Free Republic
Browse · Search
News/Activism
Topics · Post Article

To: Your Nightmare
What they are pointing out is that the employee must settle for a reduction in his (virtual) pay to arrive at his (take home pay). But the fair tax argument is that the employee will see an increase in (take home pay) and a reduction in wholesale price due to elimination of (corporate taxes) the (net take home pay) will cancel the increase in (price) for the goods the poor employee is bidding for.

For a tax proposal to be revenue neutral, the Feds will be getting the same revenue before as after.
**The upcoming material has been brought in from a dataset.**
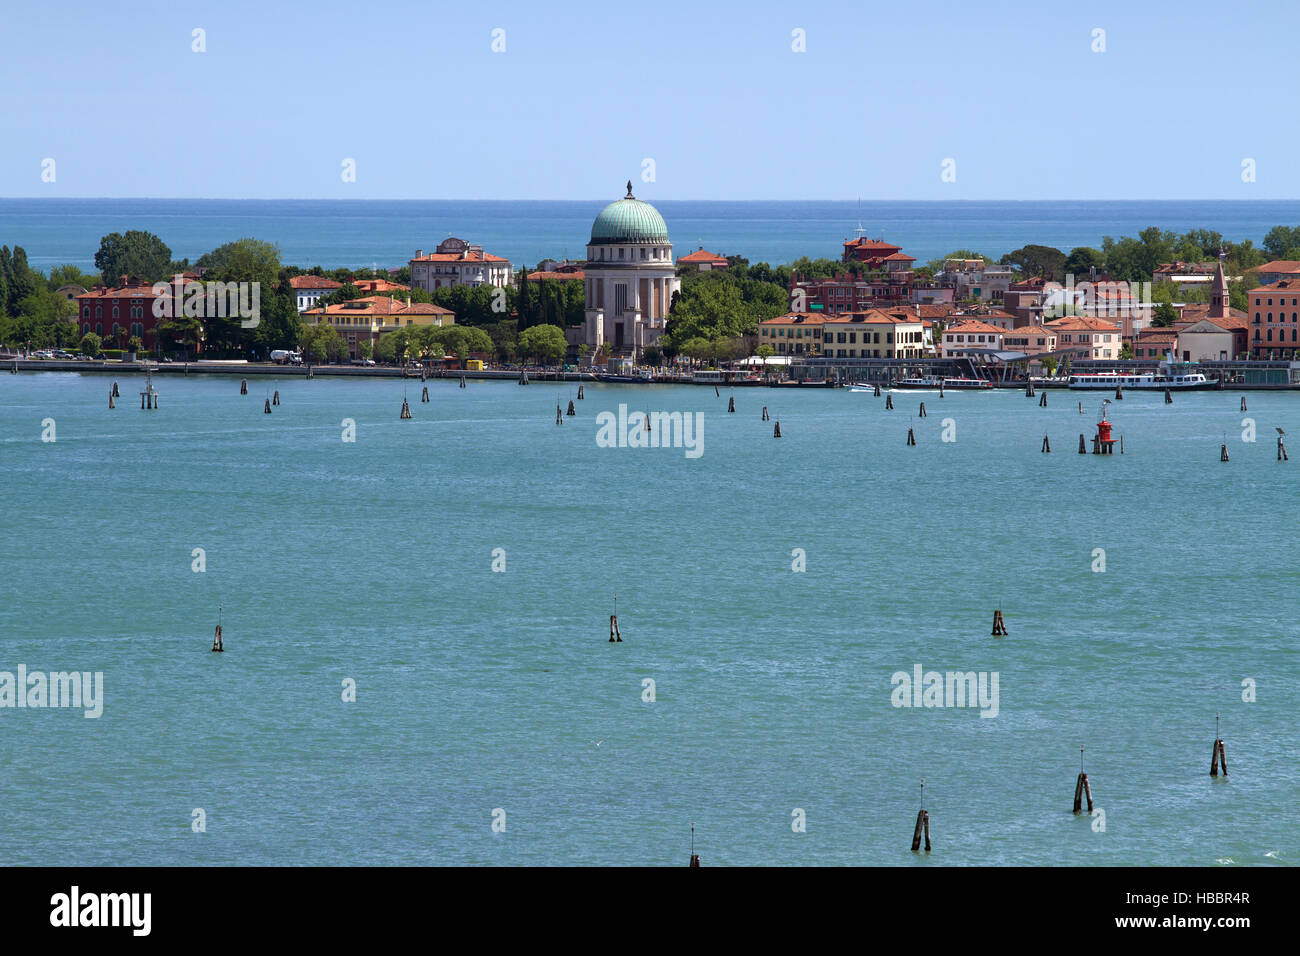 Lido 001. Venice. Italy Stock Photo

Since the individual is the only "real" taxpayer in the system, your real taxes will not be reduced. They will probably go up, because the leisure class will be able to avoid even more taxes.

My guess is that these "fair tax" people are going after the one time buldge in tax receipts they will get from the double taxation of the retirement savings from the "baby boomers" about ready to retire.

96 posted on 09/08/2005 6:34:35 PM PDT by GregoryFul
[ Post Reply | Private Reply | To 2 | View Replies ]


To: GregoryFul

You are forgetting the expenses to a business that will be removed -- without reducing the employee gross at all. Businesses pay an average of 3% of revenue as income taxes and 2% of revenue as employer-matching of FICA taxes. So that is 5% right off the top at the retail level. Now add in the expenses associated with paying and tracking those taxes. The employees that do nothing else. The business decisions that are made for tax reasons rather than sound business reasons. The higher cost of borrowing money because the lender must pay income taxes on the interest they charge. It goes on and on.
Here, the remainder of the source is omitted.